An unsecured 16TB MongoDB database containing 4.3 billion professional records was discovered, posing a significant risk for large-scale AI-driven social engineering attacks. The database included LinkedIn-style data.

The FBI issued a warning about a new scam where criminals manipulate online photos to create fake "proof-of-life" images for virtual kidnapping scams. These involve criminals posing as kidnappers, demanding ransom, and using altered images.

A maximum severity vulnerability in Apache Tika, tracked as CVE-2025-66516 (CVSS score of 10.0), allows XML external entity attacks. The vulnerability lets attackers trigger an XXE injection in Apache Tika’s core, PDF, and parser modules.

The "Contagious Interview" campaign, linked to North Korean threat actors, has expanded with the addition of 197 new malicious npm packages. This campaign targets software developers in the crypto and Web3 sectors.

RomCom malware, linked to Russian military intelligence unit GRU Unit 29155, has been observed using the SocGholish fake browser update framework to deliver a Mythic C2 agent, targeting a U.S. civil engineering firm with ties to Ukraine.

Harvard University has disclosed a data breach targeting its Alumni Affairs and Development systems, caused by a vishing attack. It led to the unauthorized access of sensitive contact and biographical information of university affiliates.

A data breach has affected Italy’s national railway operator, Ferrovie dello Stato Italiane, following a successful cyberattack on its digital services provider, Almaviva. Threat actors claim to have exfiltrated 2.3 TB of highly sensitive info.

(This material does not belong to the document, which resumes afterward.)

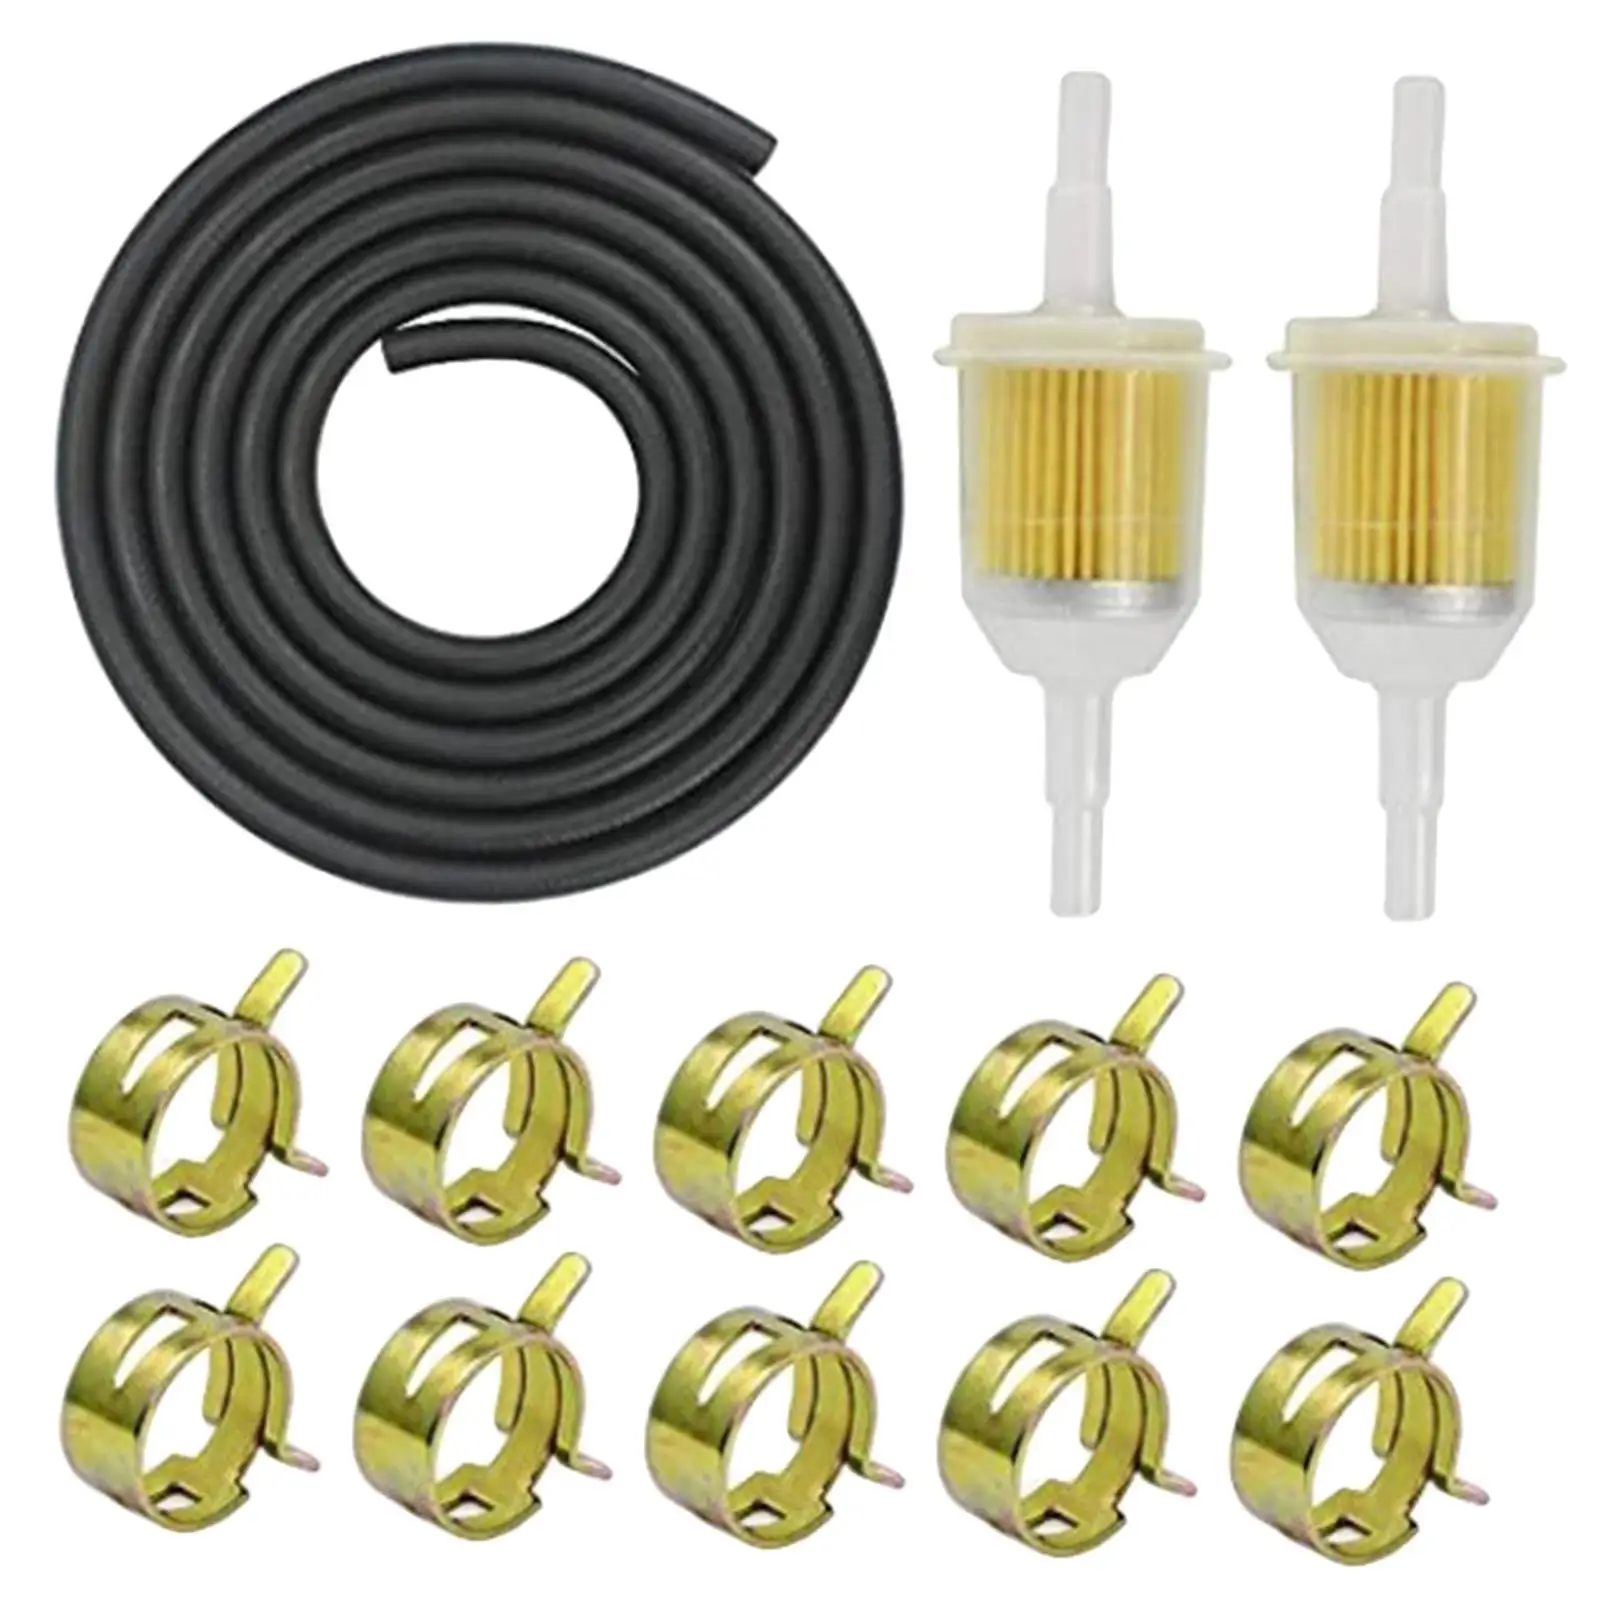 Fuel Line Hose Kit 2pc 8mm Oil Filters 10pc Hose Clamps for Lawn Mowers Snowmobiles Motorcycles
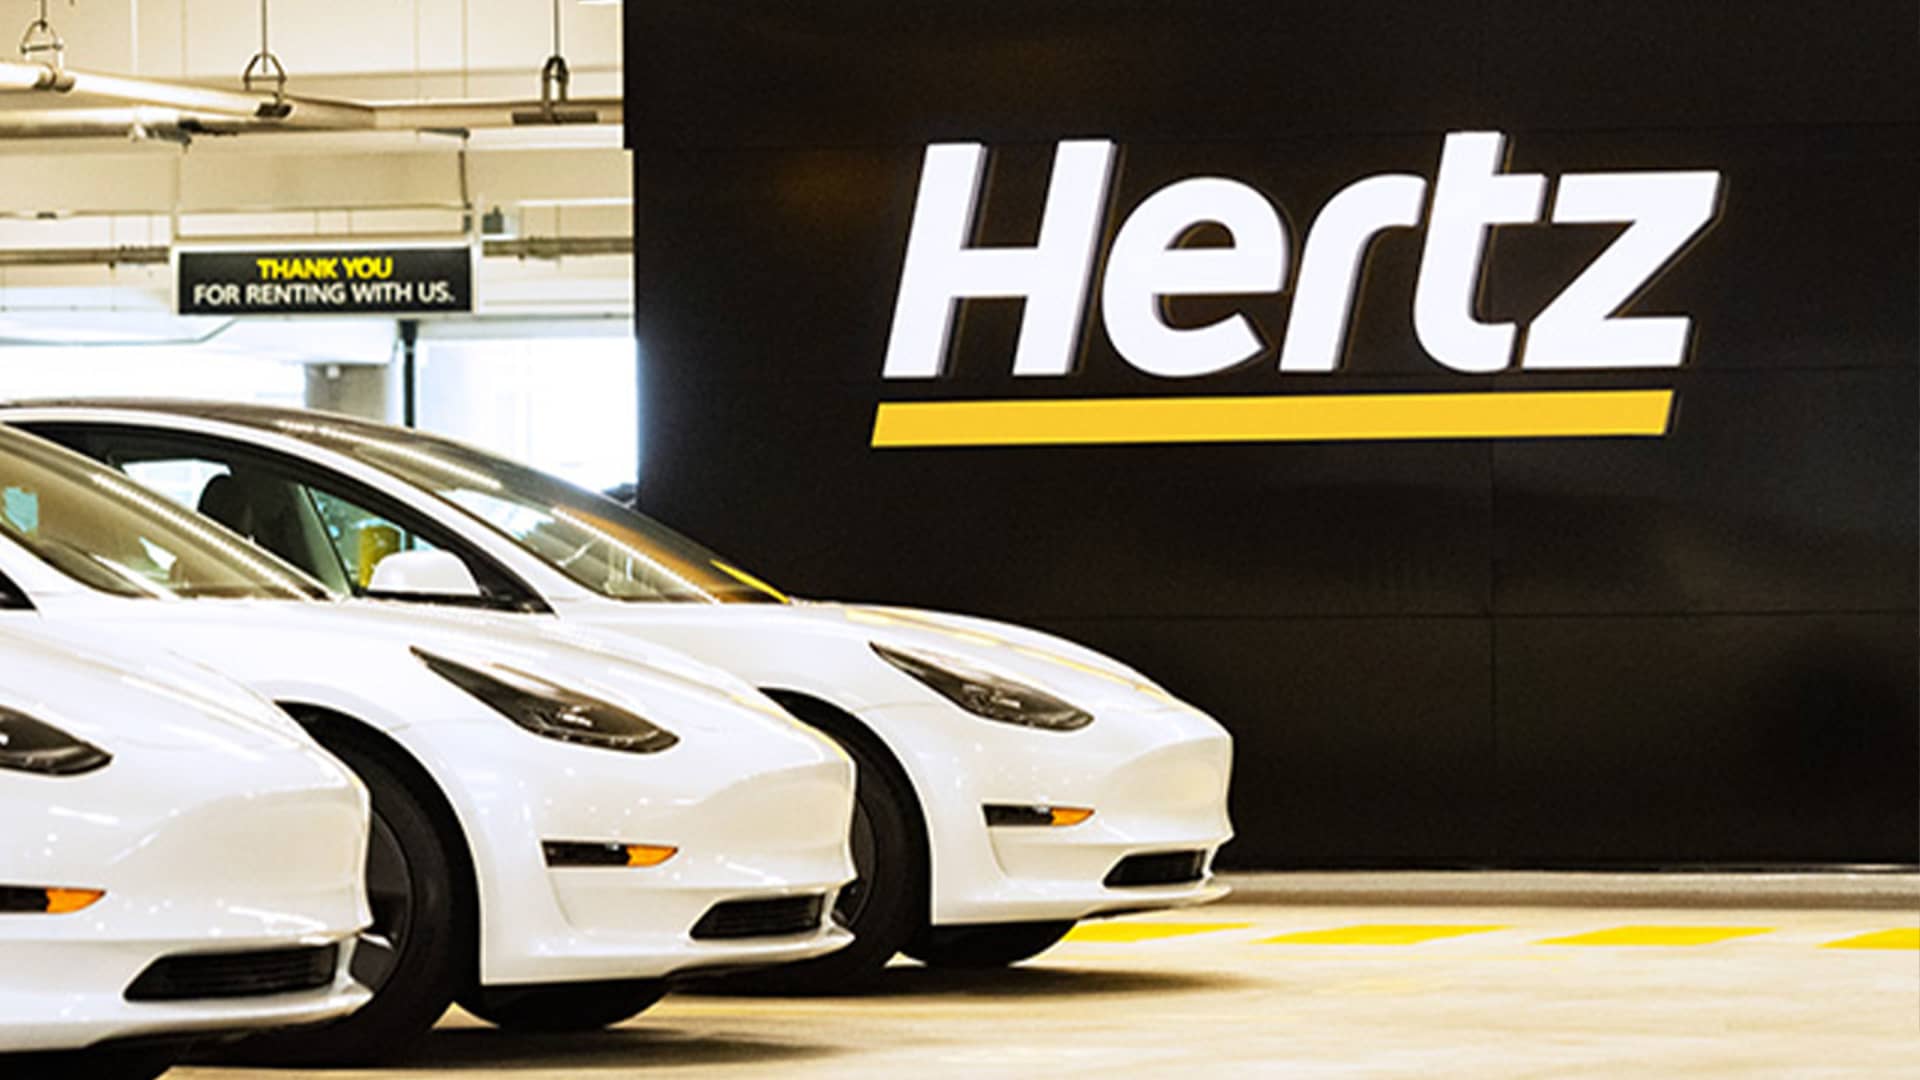 Hertz is bringing thousands of EVs and chargers to the city of Denver in a broad new partnership – CNBC

Google’s Mandiant researchers spotted threat actors exploiting a now-patched Triofox flaw, tracked as CVE-2025-12480 that allows them to bypass authentication to upload and run remote access tools via the platform’s antivirus feature.

SonicWall has confirmed that a September 2025 security breach involving its MySonicWall cloud backup service was the result of a sophisticated attack by a state-sponsored threat actor.

A coordinated international law enforcement operation has led to the arrest of nine individuals across Cyprus, Spain, and Germany for their involvement in laundering over €600 million through fraudulent cryptocurrency investment schemes.